<<<<
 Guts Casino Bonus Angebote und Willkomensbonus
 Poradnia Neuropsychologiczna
>>>>
<<<<
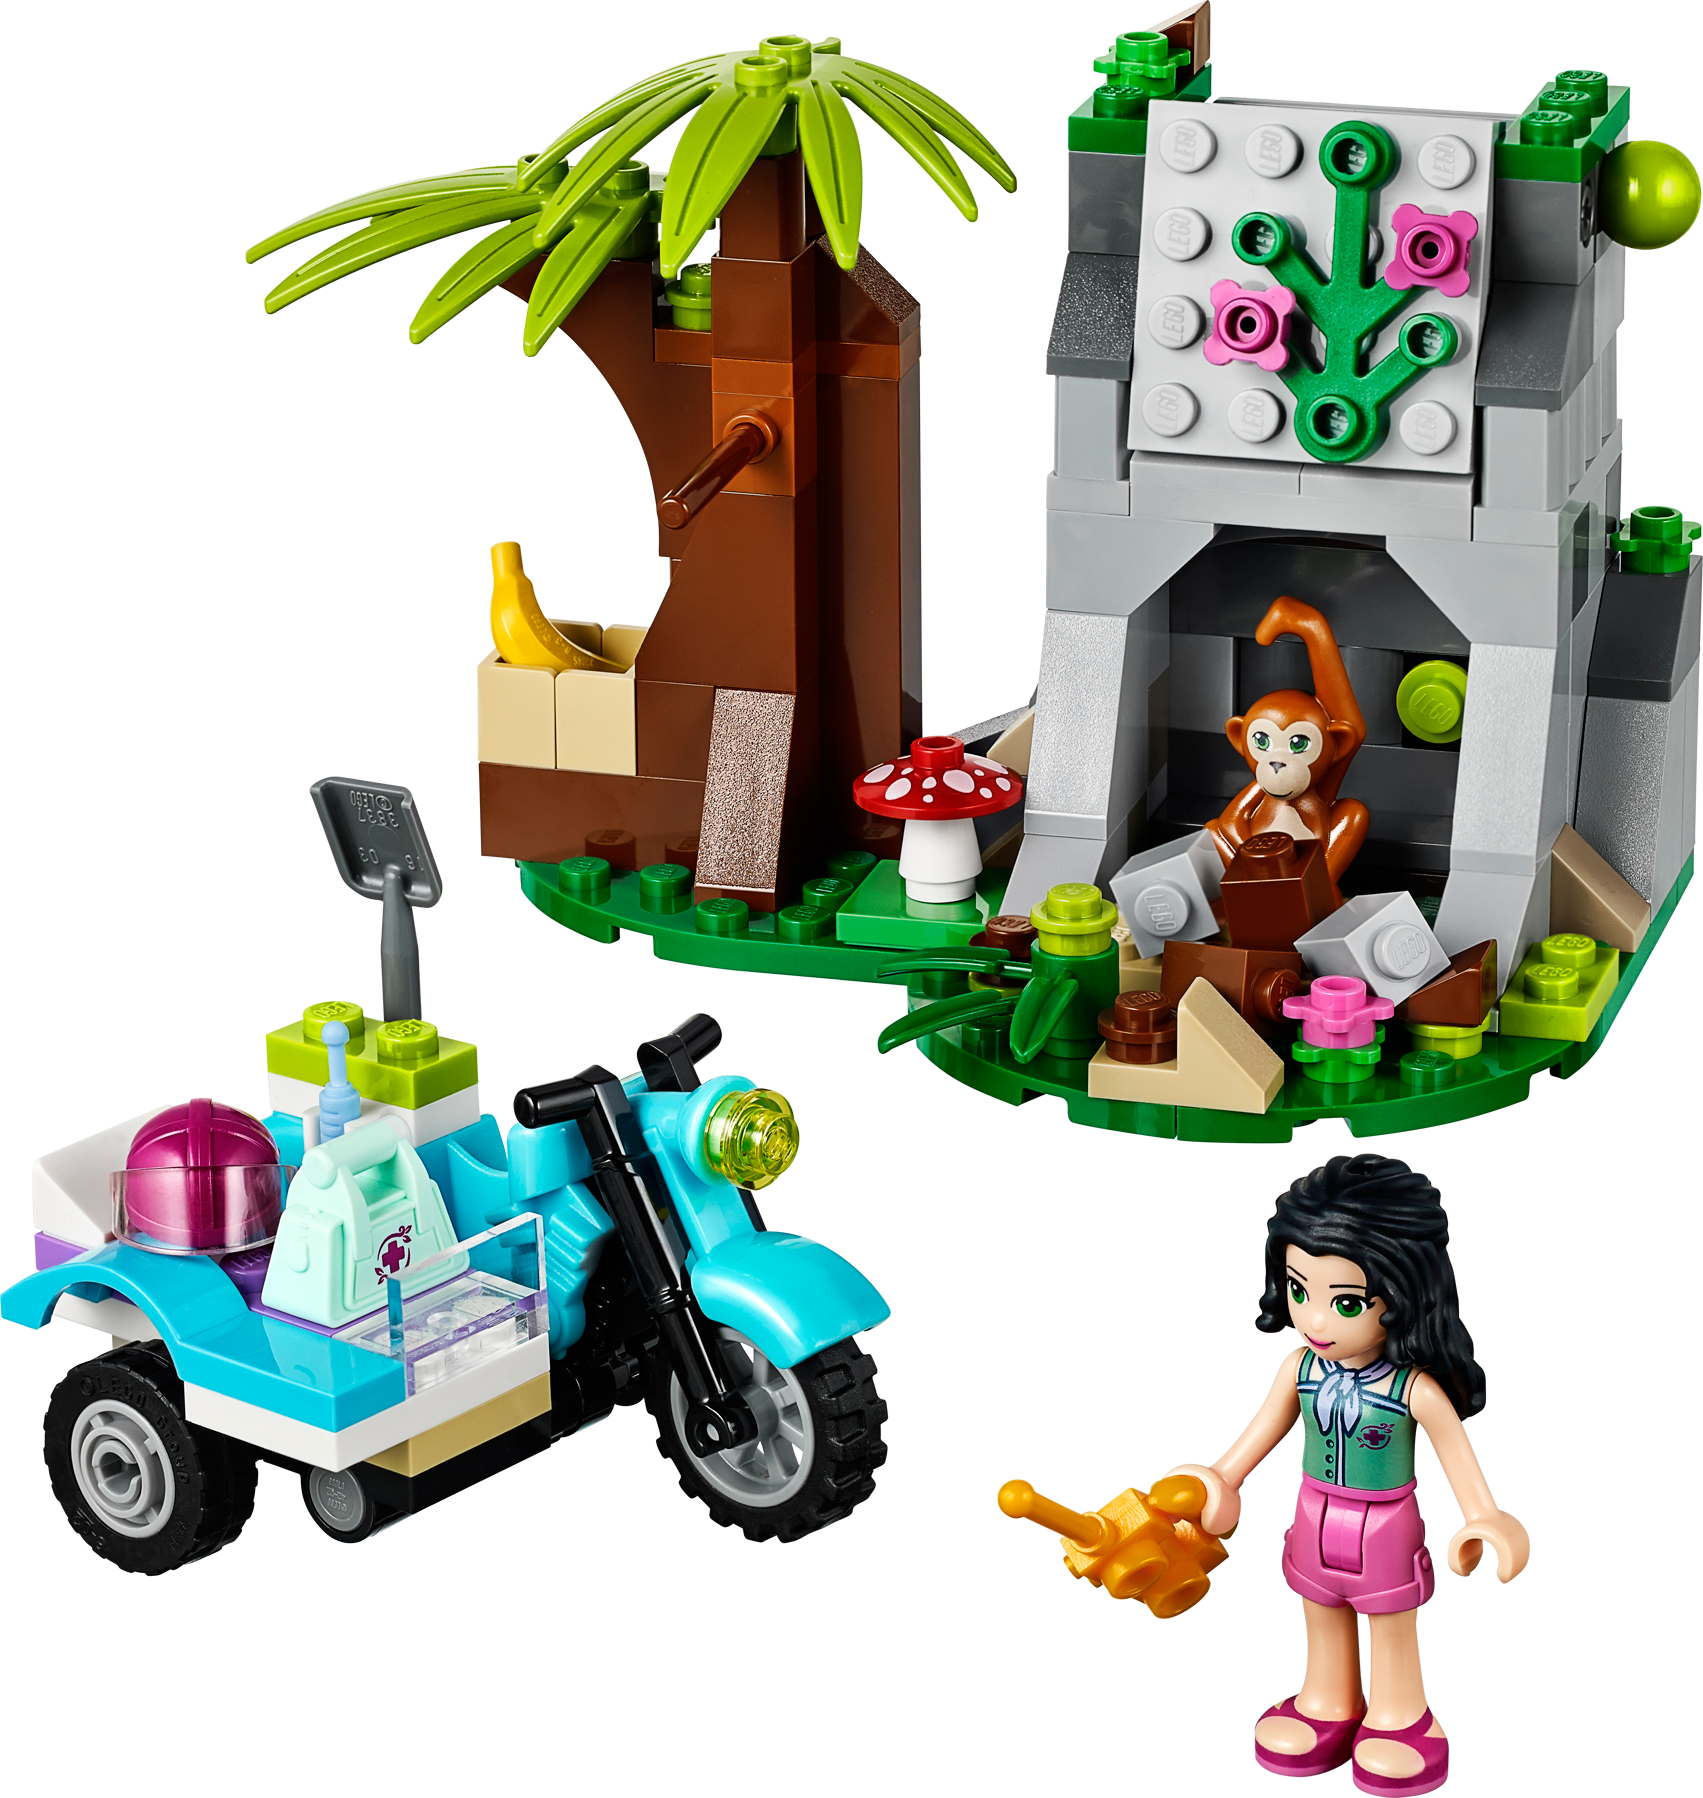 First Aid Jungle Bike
>>>>
- [What you are asked to do]
Scan the lines above for "Guts Casino Bonus" and for "Poradnia Neuropsychologiczna". Repeat exactly the line holding each of them and every line in between.

- [Exercise response]
 Guts Casino Bonus Angebote und Willkomensbonus
 Poradnia Neuropsychologiczna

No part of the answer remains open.